Finally, we employed several supervised machine learning methods to determine whether any cell surface protein combinations could predict infection likelihood. We assessed logistic regression, naive Bayes and random forest (RF) methods using a 70/30 (training/test) split of our dataset. Using all CD4⁺ T cells, we found similar results between the models with area under the receiver operating curve (ROC) (AUC) values of 0.89, 0.88 and 0.9 respectively (Fig. 2e) suggesting a reasonable classification of HIV⁺ cells in vitro with this current ADT panel. In the logistic regression, markers with the greatest odds ratio and significance included CD2, CD49b, CD95, SLAM and T cell receptor (TCR) α/β for classifying HIV⁺ cells while CD4, NKG2D, CD62L and CD162 were the top markers for classifying HIV^– cells (Fig. 2f). For the RF model, the top markers by importance (measured as mean decrease in accuracy when permuted) were CCR5, SLAM, CD49b, CD2 and CD95. When applied to only activated CD4⁺ T cells, the RF model and logistic regression both performed the best with an AUC of 0.78, compared with 0.74 with naive Bayes. Compared with the total CD4⁺ T cell models, there were higher false positive rates suggesting that additional markers tailored to activated T cells might benefit classification efforts (Fig. 2g). The activated CD4⁺ T cell RF was driven primarily by CCR5, SLAM, CD69, CD2 and GPR56 in decreasing order of importance. Overall, these supervised machine learning models are in concordance with our differential expression testing and highlight the prominent roles of CCR5, SLAM and CD2 as markers of HIV-1 in vitro infection (Fig. 2h).
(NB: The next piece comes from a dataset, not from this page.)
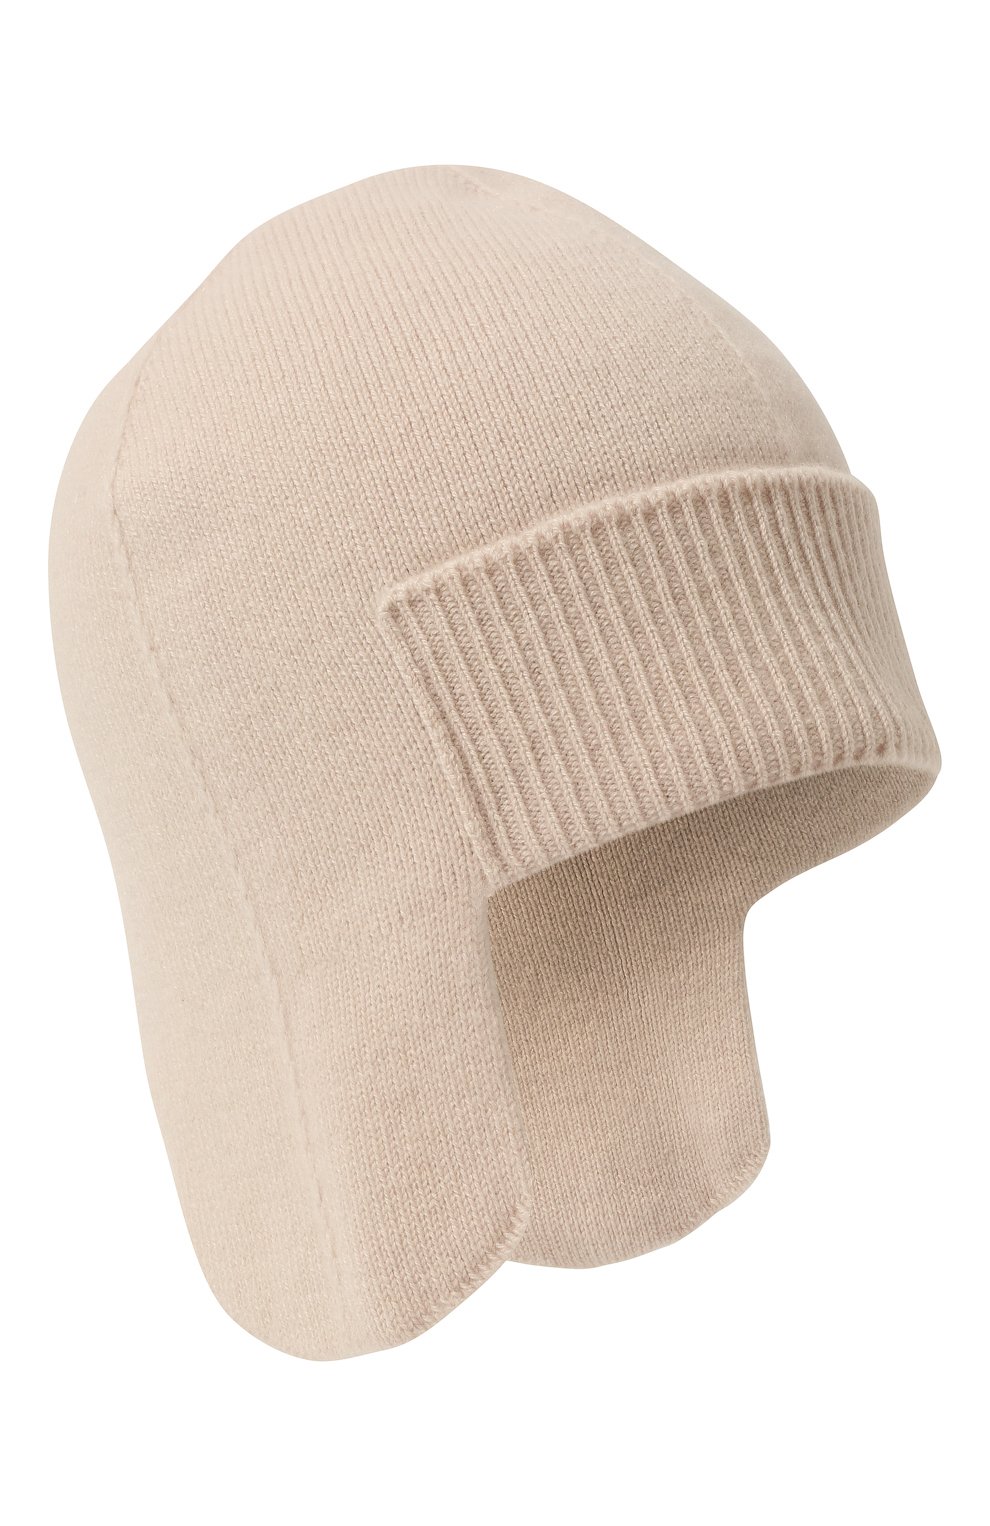 Женская шапка-ушанка denmark CANOE кремвого цвета, арт. 4916402 | Фото 1 (Материал: Текстиль, Шерсть)

ASAPseq analysis of infected cells from untreated PLWH

We next assessed whether HIV-infected memory CD4⁺ T cells from lymph nodes (LN)—a tissue with a high burden of infected CD4⁺ T cells^4,5—of viremic PLWH (Table 1) exhibited bias towards specific cell surface markers or epigenetic characteristics. We enriched memory CD4⁺ T cells via bead selection from inguinal (C01) or cervical (C02) LN (n = 2) and conducted ASAPseq, aligning to a chimeric hg38 + HXB2 genome. In one individual (C01), we profiled 2,554 cells passing quality checks for ATAC and ADT datasets, including 13 HIV⁺ cells (0.51%). In the second individual (C02), we profiled 6,521 cells passing quality checks, with 41 HIV⁺ cells (0.63%) leading to a combined chronic dataset of 9,075 cells with 54 HIV⁺ cells (0.60%; Table 2 and Extended Data Fig. 5a). Most sequenced fragments were internal (74%) followed by LTR only (23%) and spanning both LTR and internal (2%) (Extended Data Fig. 5b). We also noticed a general occlusion of fragments from the pol region as observed from the in vitro dataset.

To assess the phenotype of HIV⁺ cells in LN, we performed clustering into a reduced dimensional form (Extended Data Fig. 5c) and annotated clusters using both ADT and ATAC datasets (Fig. 3a, Extended Data Fig. 6 and Supplementary Table 5). Most profiled cells were memory CD4⁺ T cells (70%), with the dominant subcluster being CD4⁺ T-follicular helper (Tfh) cells (19.2%) and a few contaminating clusters including APC, B and follicular dendritic cells (Fig. 3a).

**Fig. 3: ASAPseq identification of HIV-infected cells predominantly in Tfh cells from lymph nodes of untreated PLWH.**

Of the 54 HIV⁺ cells detected, 64.8% were CD4⁺ Tfh cells, with the rest identified as CD4⁺ T resident memory (Trm) and/or T central memory cells (Tcm) (16.7%), APCs (11.1%) and CD4⁺ T regulatory cells (Treg; 7.4%) (Fig. 3b–d). This distribution corresponds with the known localization of infected cells within germinal centers of secondary lymphoid organs, predominantly in the Tfh compartment^6,34. While follicular dendritic cells were detected, we found no viral DNA in this cluster, even with the likely trapping of infectious virions by follicular dendritic cells^35,36, suggesting high specificity in detecting only HIV DNA.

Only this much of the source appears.